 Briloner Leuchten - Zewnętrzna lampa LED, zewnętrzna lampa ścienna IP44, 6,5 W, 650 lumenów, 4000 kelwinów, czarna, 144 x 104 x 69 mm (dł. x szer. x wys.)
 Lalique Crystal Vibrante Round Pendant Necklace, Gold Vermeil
---
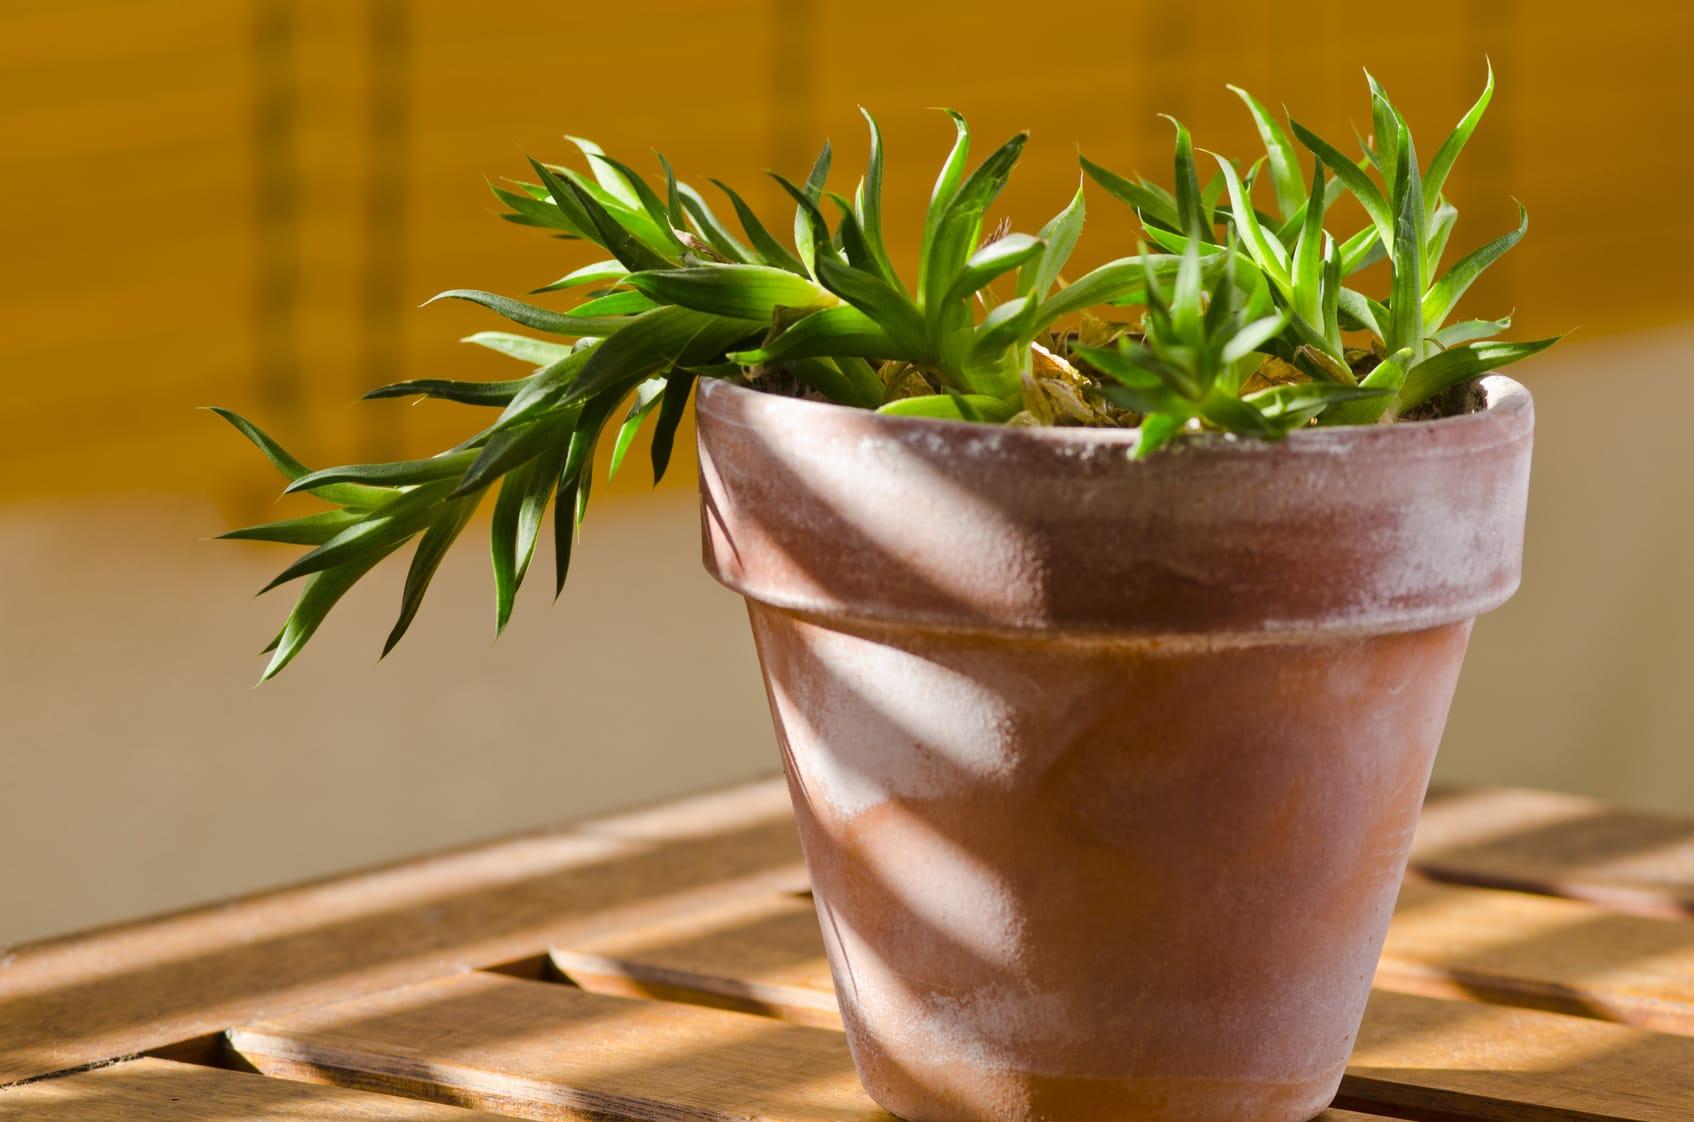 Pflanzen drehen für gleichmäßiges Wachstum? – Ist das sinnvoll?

*Your objective:*
Out of the material above, output word for word the line with "Briloner Leuchten - Zewnętrzna", the line with "Lalique Crystal Vibrante", and all lines between them, with nothing else.

*Task output:*
 Briloner Leuchten - Zewnętrzna lampa LED, zewnętrzna lampa ścienna IP44, 6,5 W, 650 lumenów, 4000 kelwinów, czarna, 144 x 104 x 69 mm (dł. x szer. x wys.)
 Lalique Crystal Vibrante Round Pendant Necklace, Gold Vermeil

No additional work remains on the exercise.